→ **Data provided**:
————————
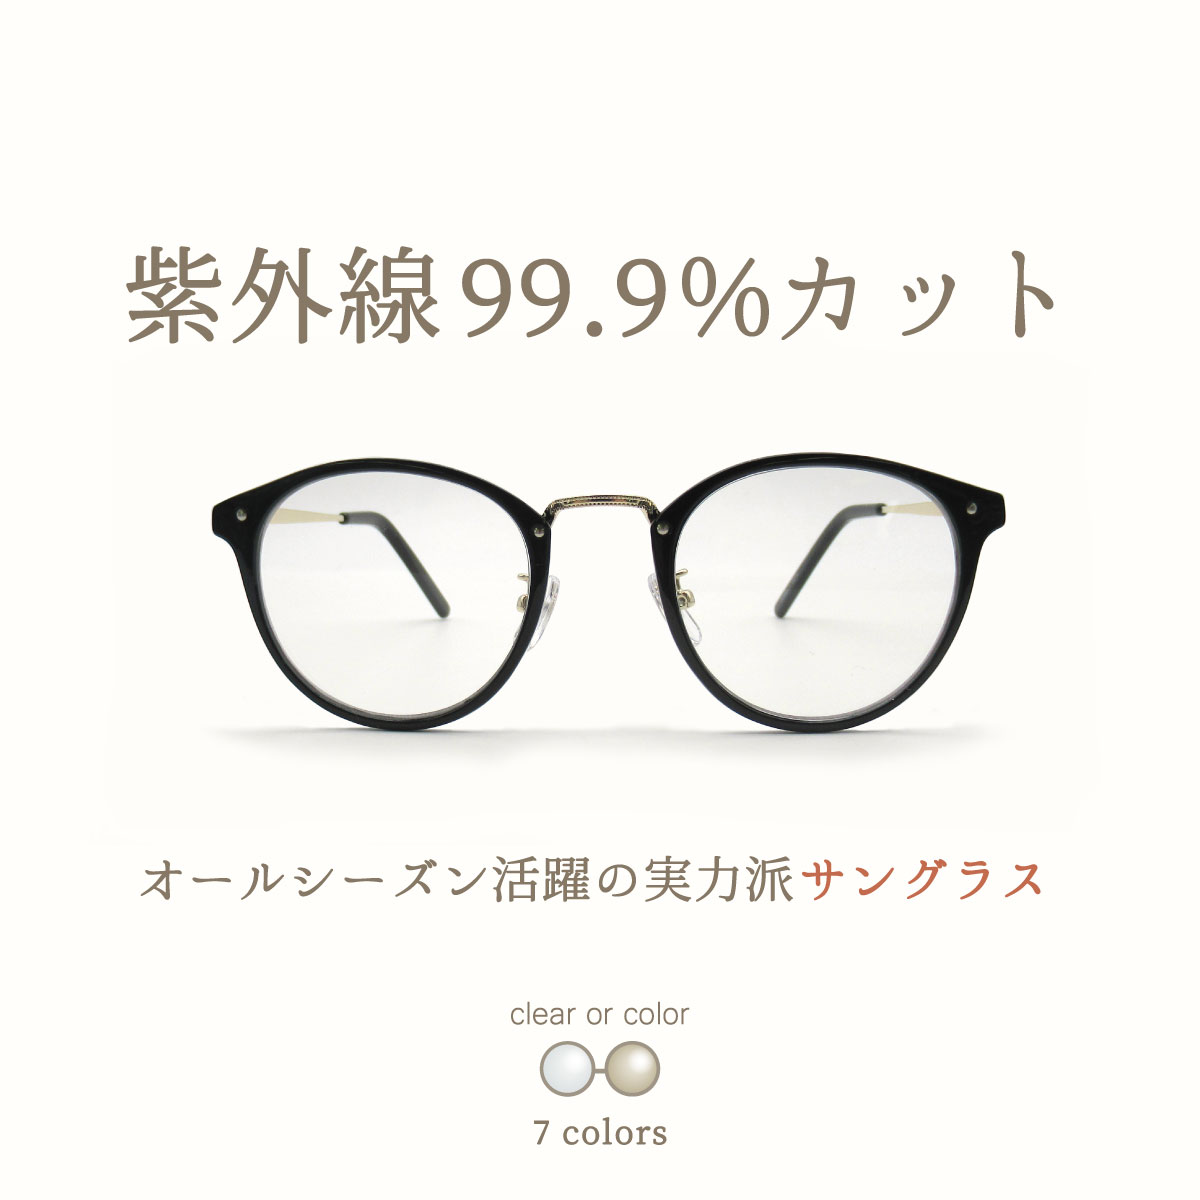 サングラス レディース おしゃれ 伊達メガネ uvカット 紫外線 対策 ボストン かわいい 丸メガネ 眼鏡  :fi5099:オプティックストアグラスガーデン 通販 
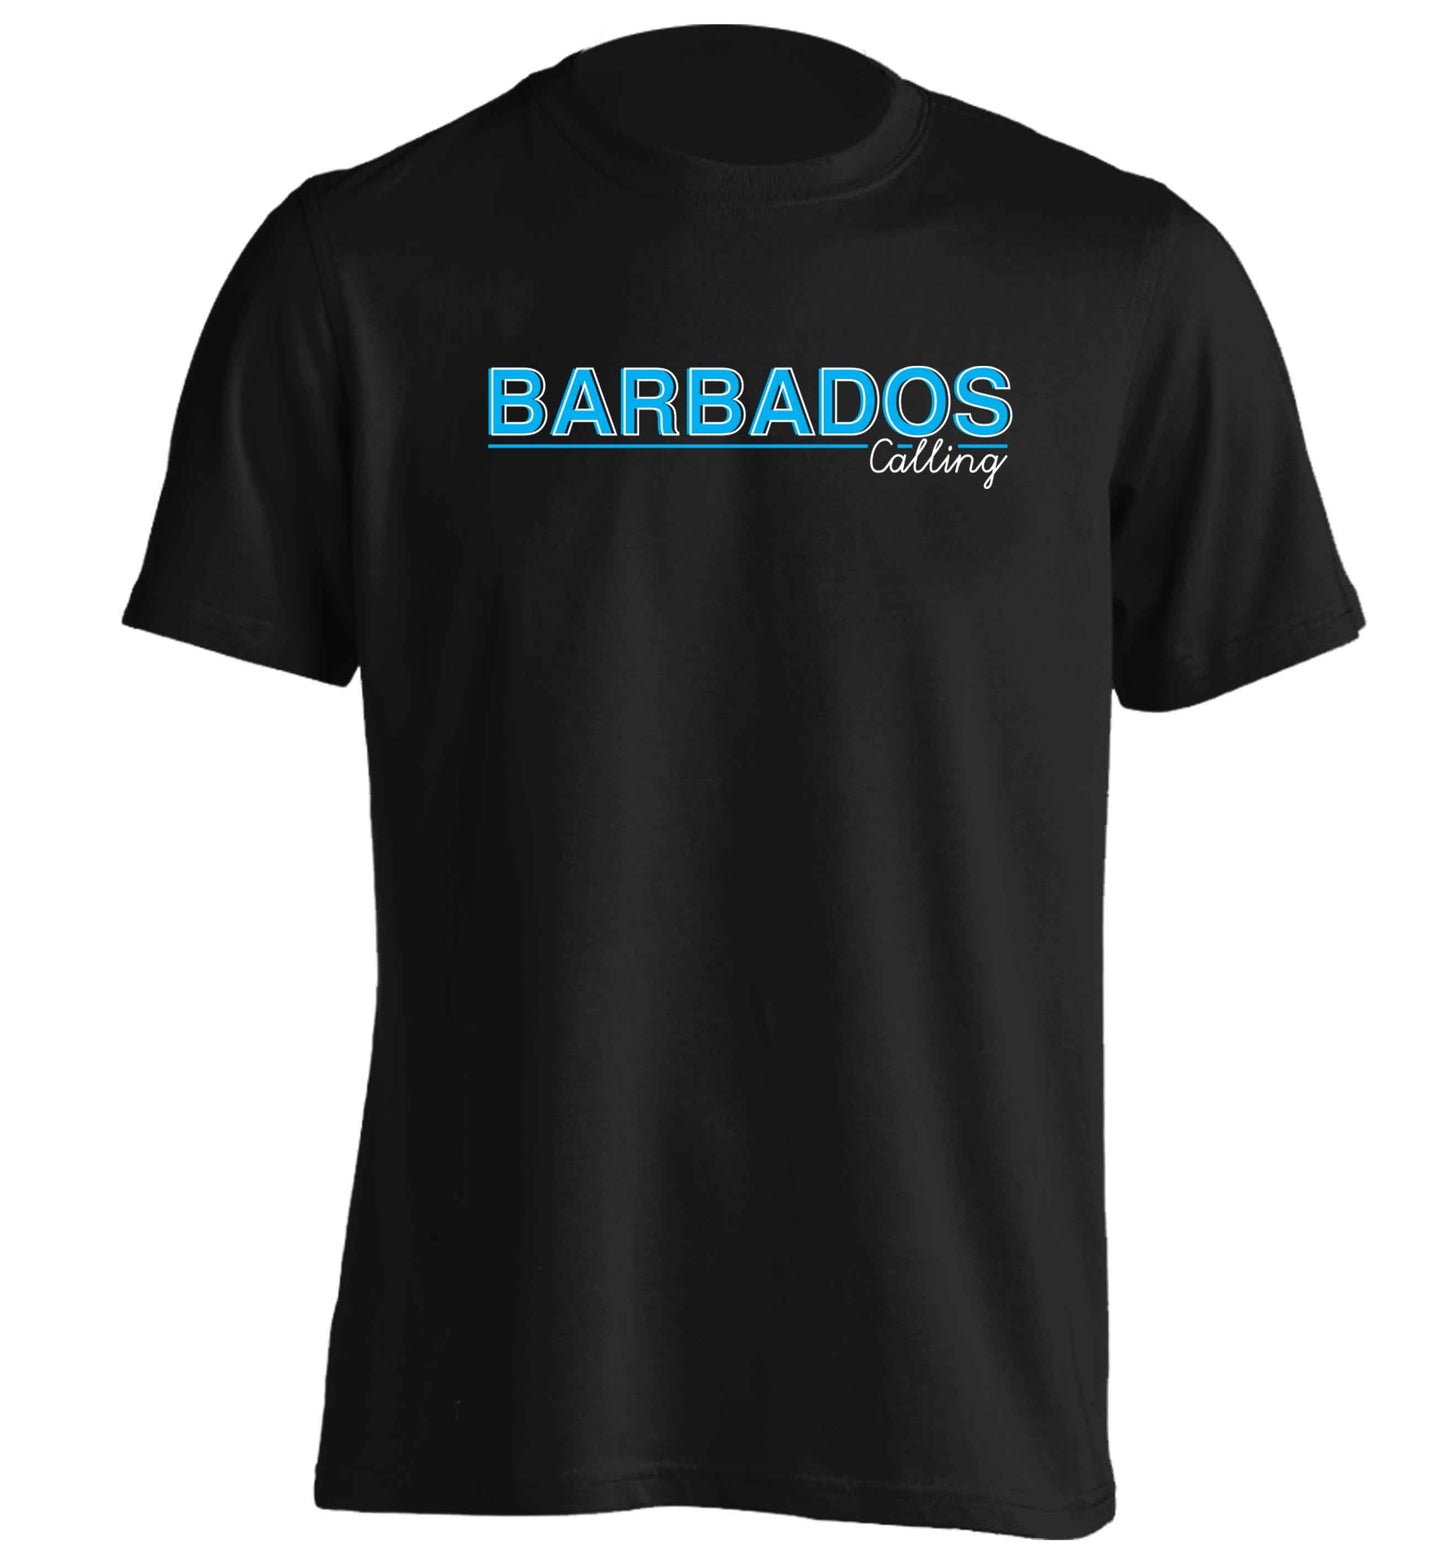 Barbados calling adults unisex black Tshirt 2XL
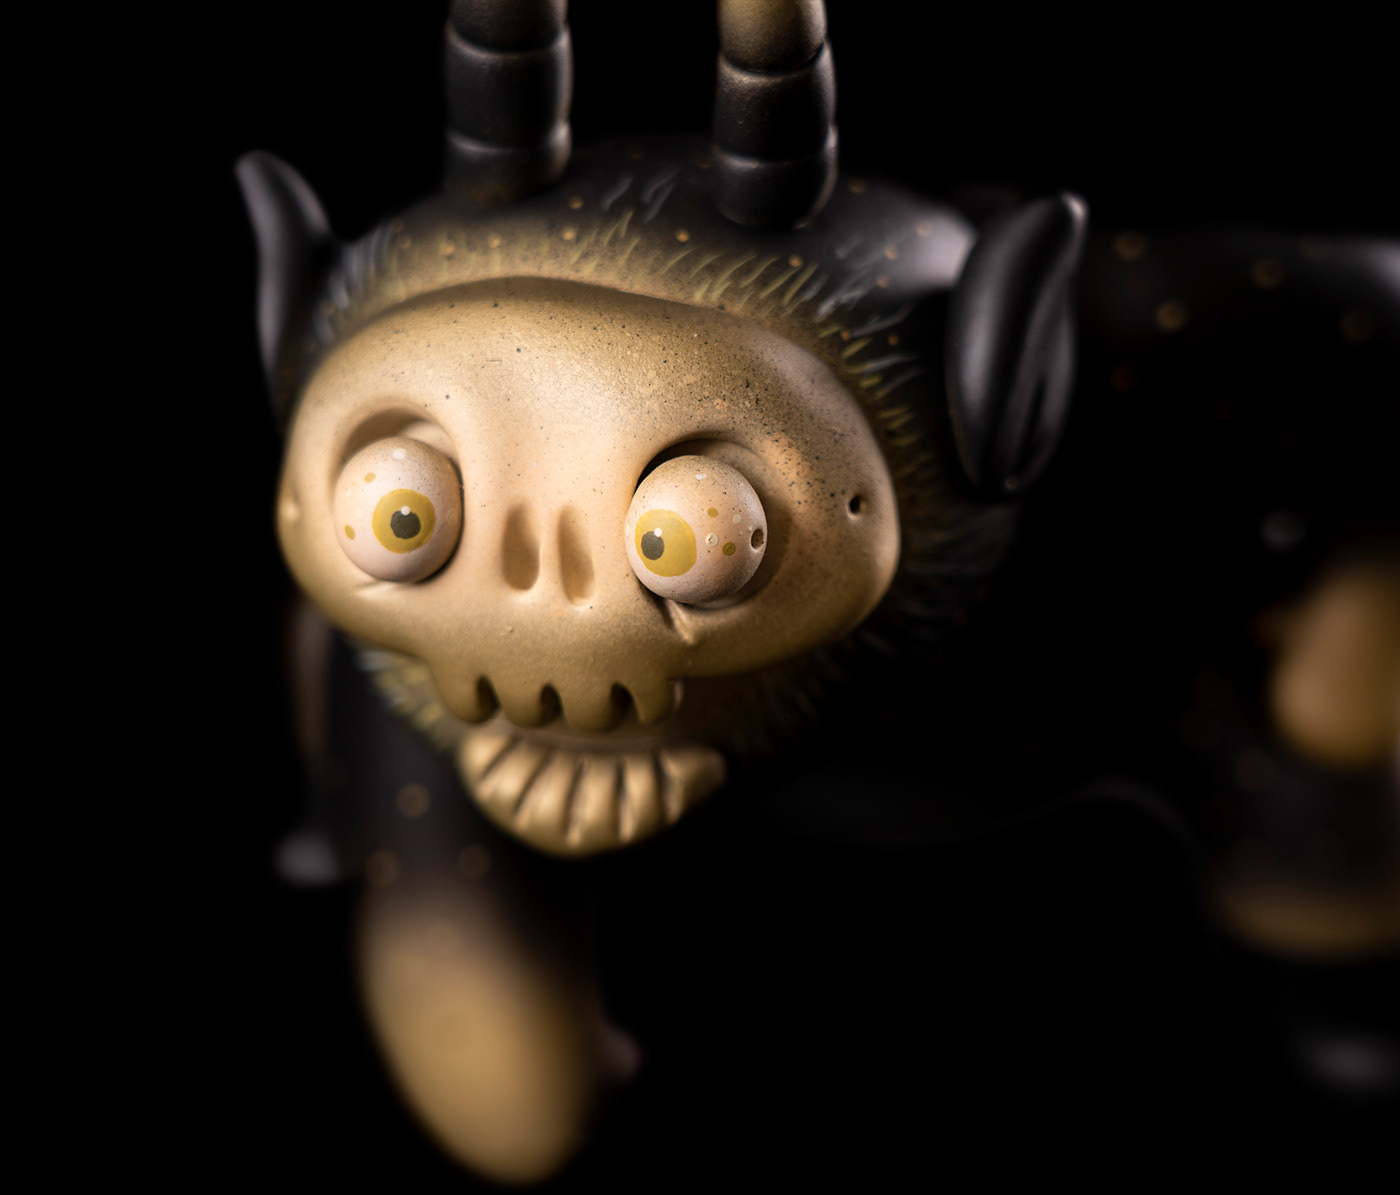 artoy Character design  Digital Art  handmade modeling sculpting  sculpture skull spray paint toys
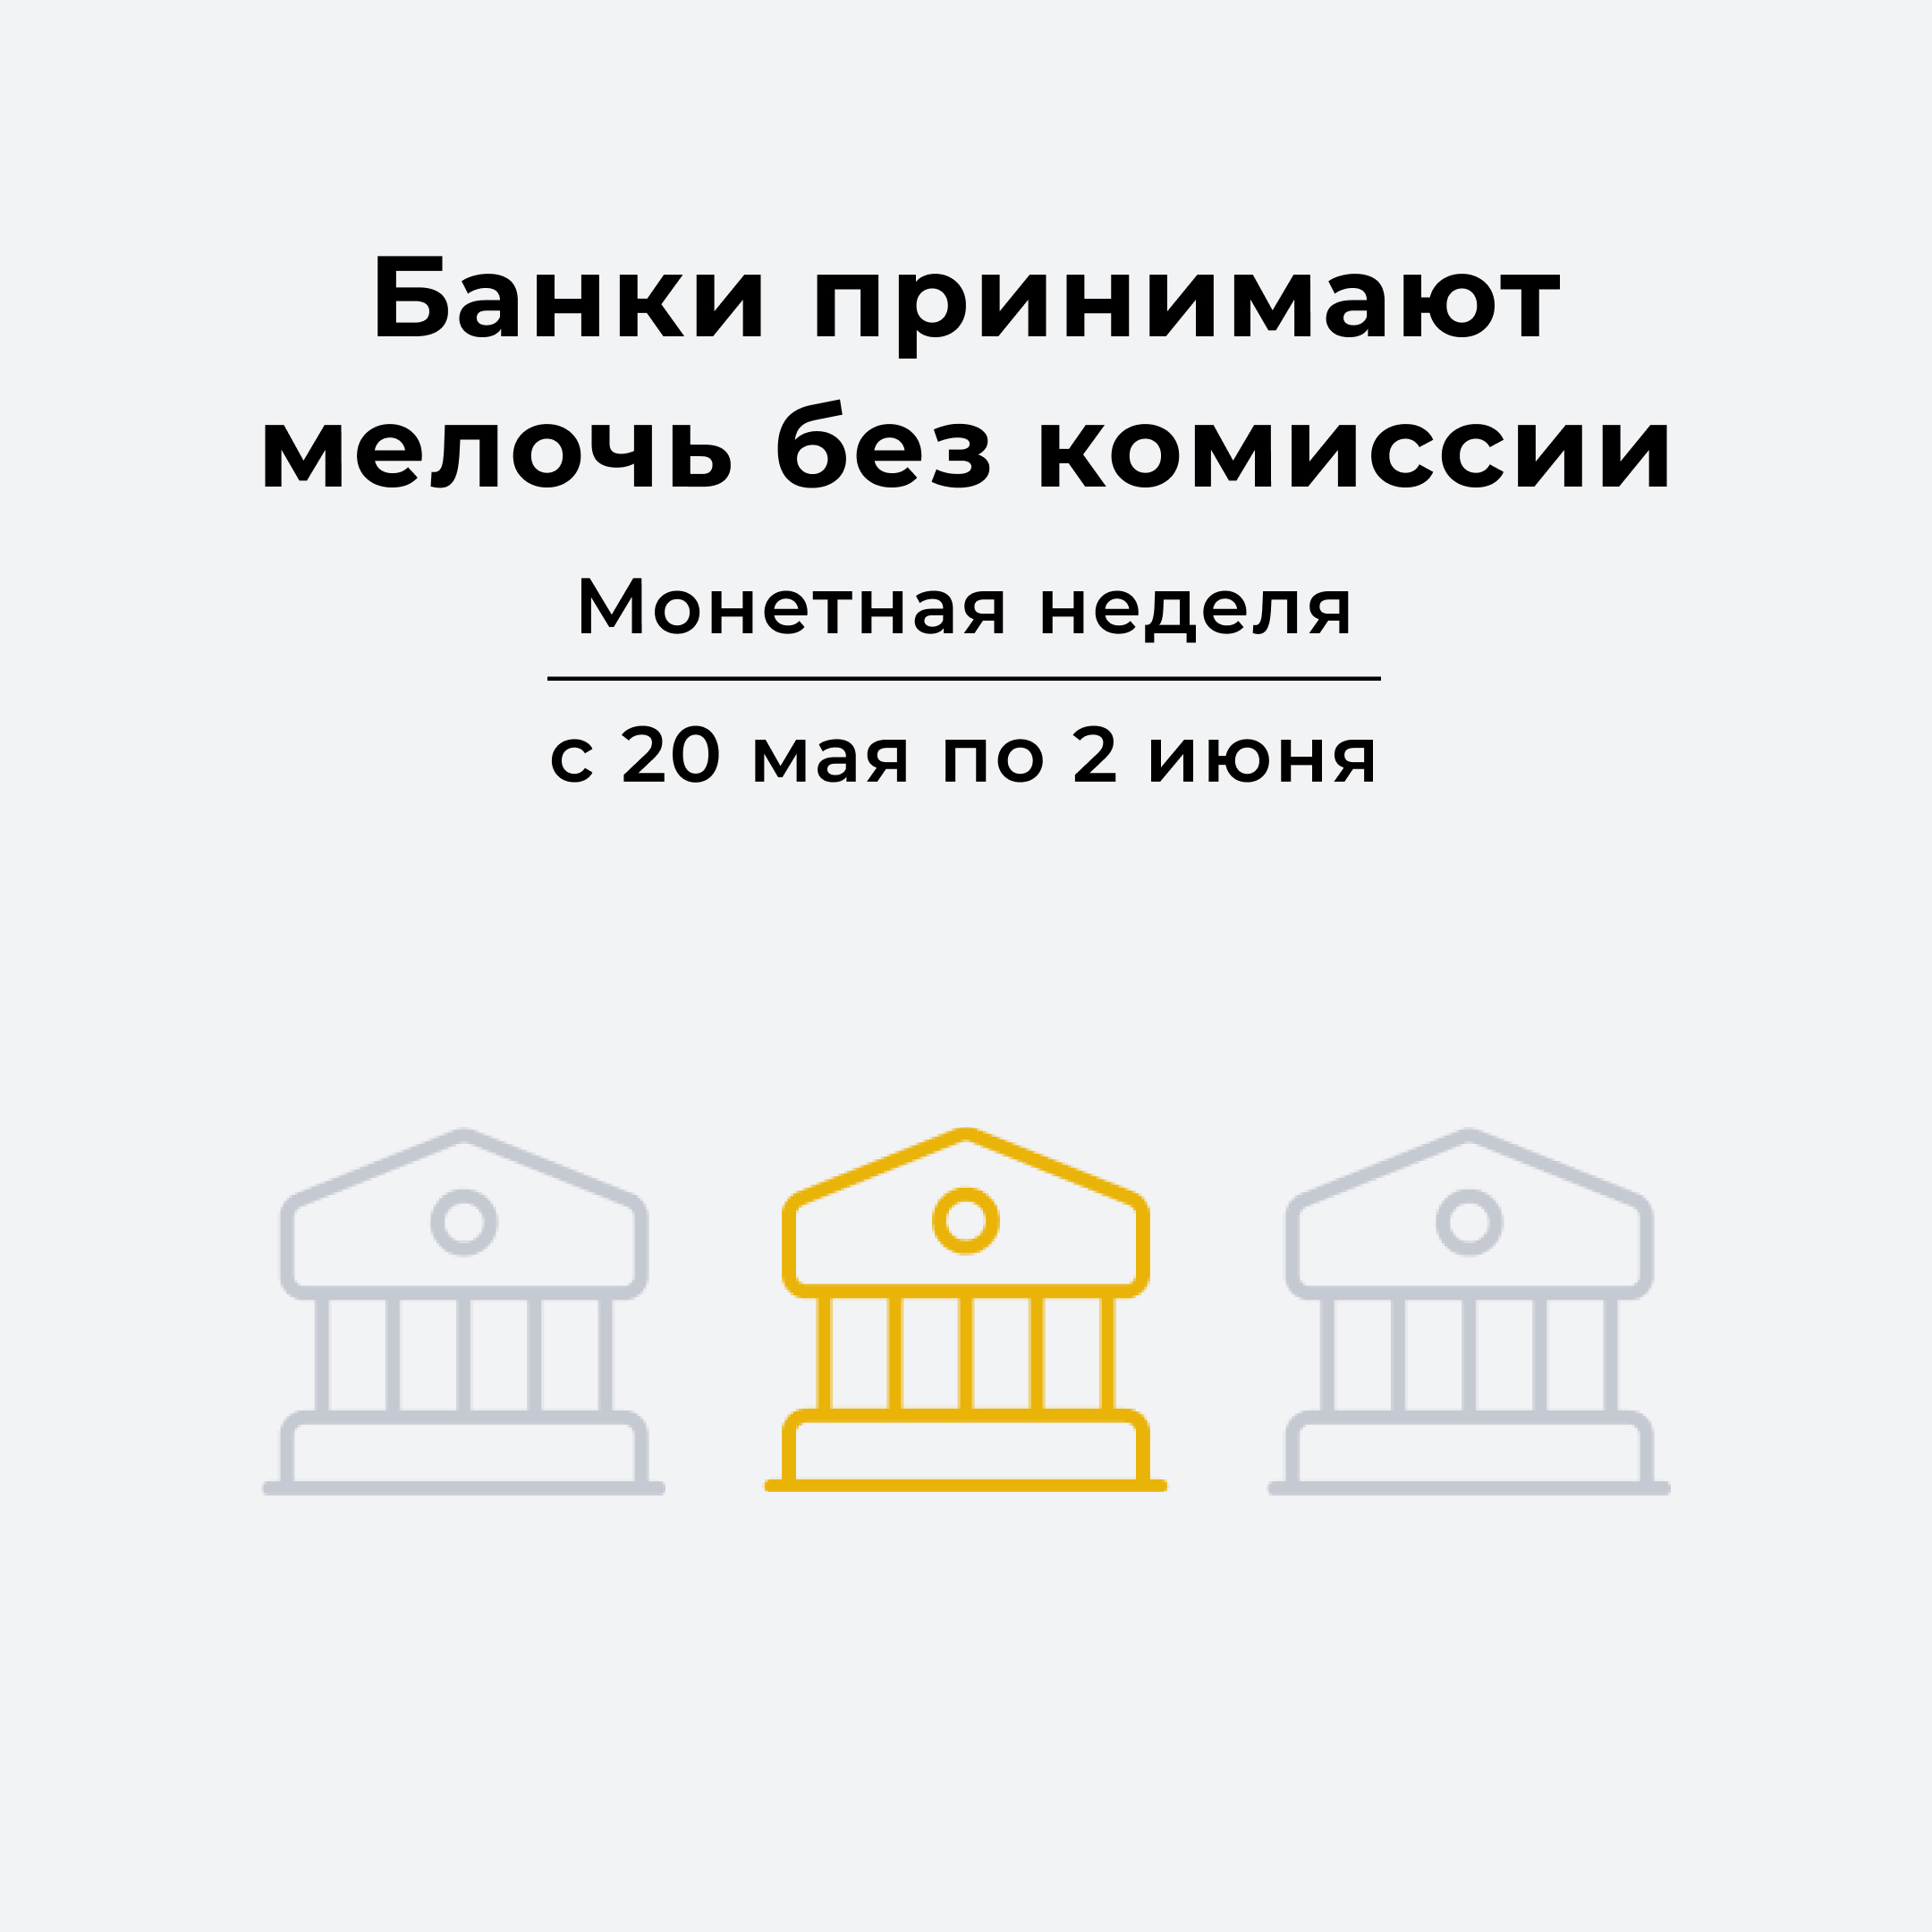 «Монетная неделя» возвращается: жители Ленинградской области вновь могут принять участие в акции
————————
→ **Work required**: Copy exactly, and copy nothing else: the lines from the start of the data above through the line that holds "artoy Character design". The pictures stay out.

→ **Solution to this exercise**:
 サングラス レディース おしゃれ 伊達メガネ uvカット 紫外線 対策 ボストン かわいい 丸メガネ 眼鏡  :fi5099:オプティックストアグラスガーデン 通販 
 Barbados calling adults unisex black Tshirt 2XL
 artoy Character design  Digital Art  handmade modeling sculpting  sculpture skull spray paint toys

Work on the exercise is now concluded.